Given the following position function: (position is in ft , time is in sec ) \( \mathrm{s}(\mathrm{t})=\sin (\sqrt{\mathrm{t}}) \) Find the velocity at \( \mathrm{t}=3 \). \( \mathrm{v}(3)=[ \) ? \( ] \frac{\mathrm{ft}}{\mathrm{sec}} \) Round your answer to the nearest thousandth.

To find the velocity at \( t = 3 \), you first need to determine the derivative of the position function \( s(t) = \sin(\sqrt{t}) \).
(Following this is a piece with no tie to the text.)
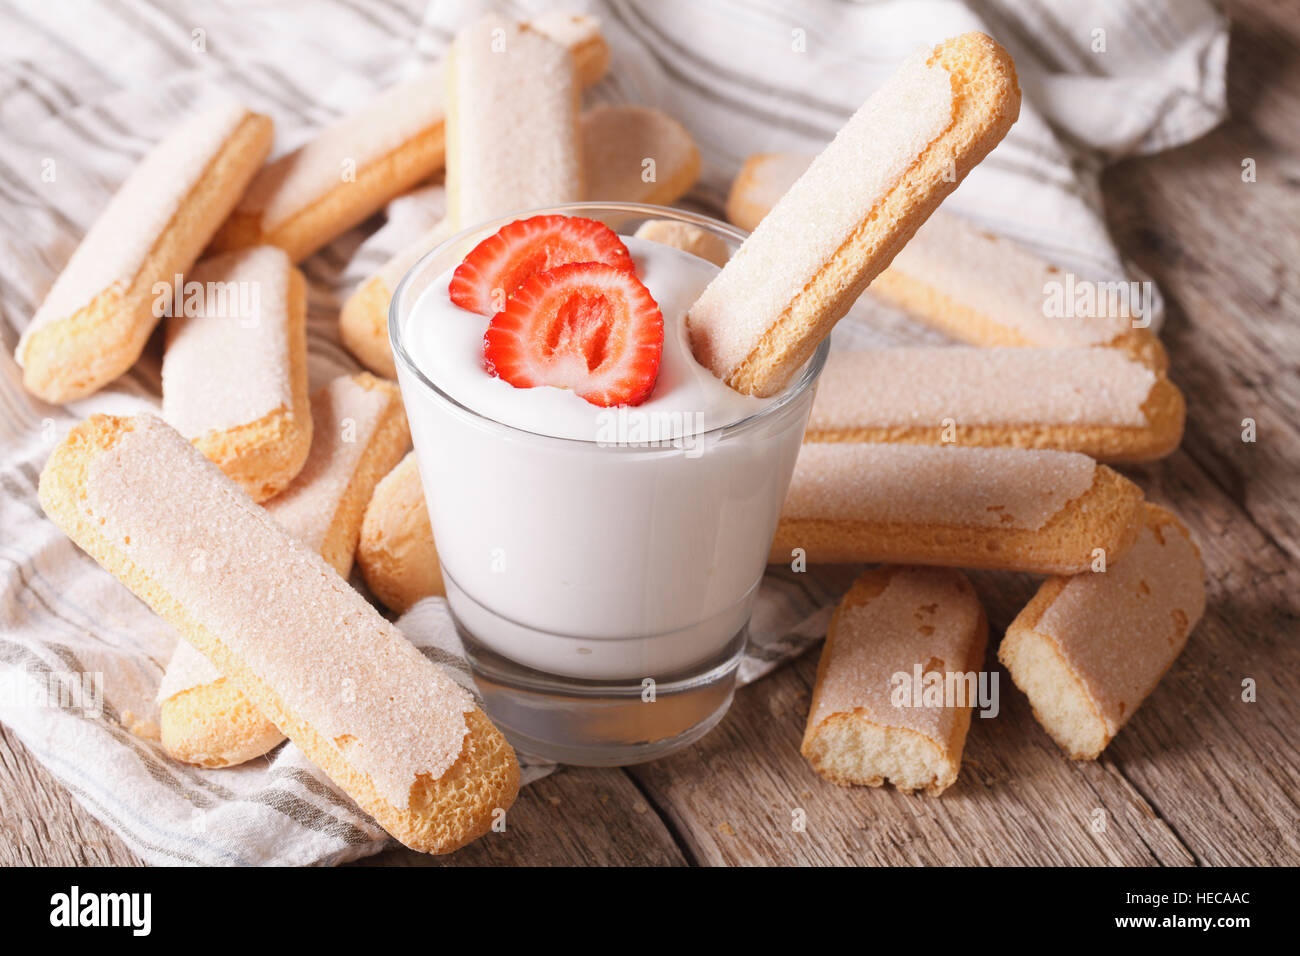 Dessert of Savoiardi with yogurt and strawberries. horizontal - Stock Image

The velocity function is the first derivative of the position function: \[ v(t) = \frac{ds}{dt} = \frac{d}{dt} (\sin(\sqrt{t})) \] Using the chain rule: \[ v(t) = \cos(\sqrt{t}) \cdot \frac{d}{dt} (\sqrt{t}) = \cos(\sqrt{t}) \cdot \frac{1}{2\sqrt{t}} \] Now, plug in \( t = 3 \): \[ v(3) = \cos(\sqrt{3}) \cdot \frac{1}{2\sqrt{3}} \] Calculating \( \sqrt{3} \) (approximately 1.732): \[ \cos(\sqrt{3}) \approx \cos(1.732) \approx -0.173648 \] \[ \frac{1}{2\sqrt{3}} \approx \frac{1}{3.464} \approx 0.288675 \] Now multiply these two: \[ v(3) \approx -0.173648 \cdot 0.288675 \approx -0.05007 \] Rounding to the nearest thousandth, you have: \[ v(3) \approx -0.050 \text{ ft/s} \] So, the final answer is: \( \mathrm{v}(3) \approx -0.050 \, \frac{\mathrm{ft}}{\mathrm{sec}} \)